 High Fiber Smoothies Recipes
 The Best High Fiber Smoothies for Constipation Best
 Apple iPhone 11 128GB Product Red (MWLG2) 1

════

_Your assignment_. Set down exactly the lines that begin with the one containing "The Best High" and end with the last line above, and no others.

_Task answer_.
 The Best High Fiber Smoothies for Constipation Best
 Apple iPhone 11 128GB Product Red (MWLG2) 1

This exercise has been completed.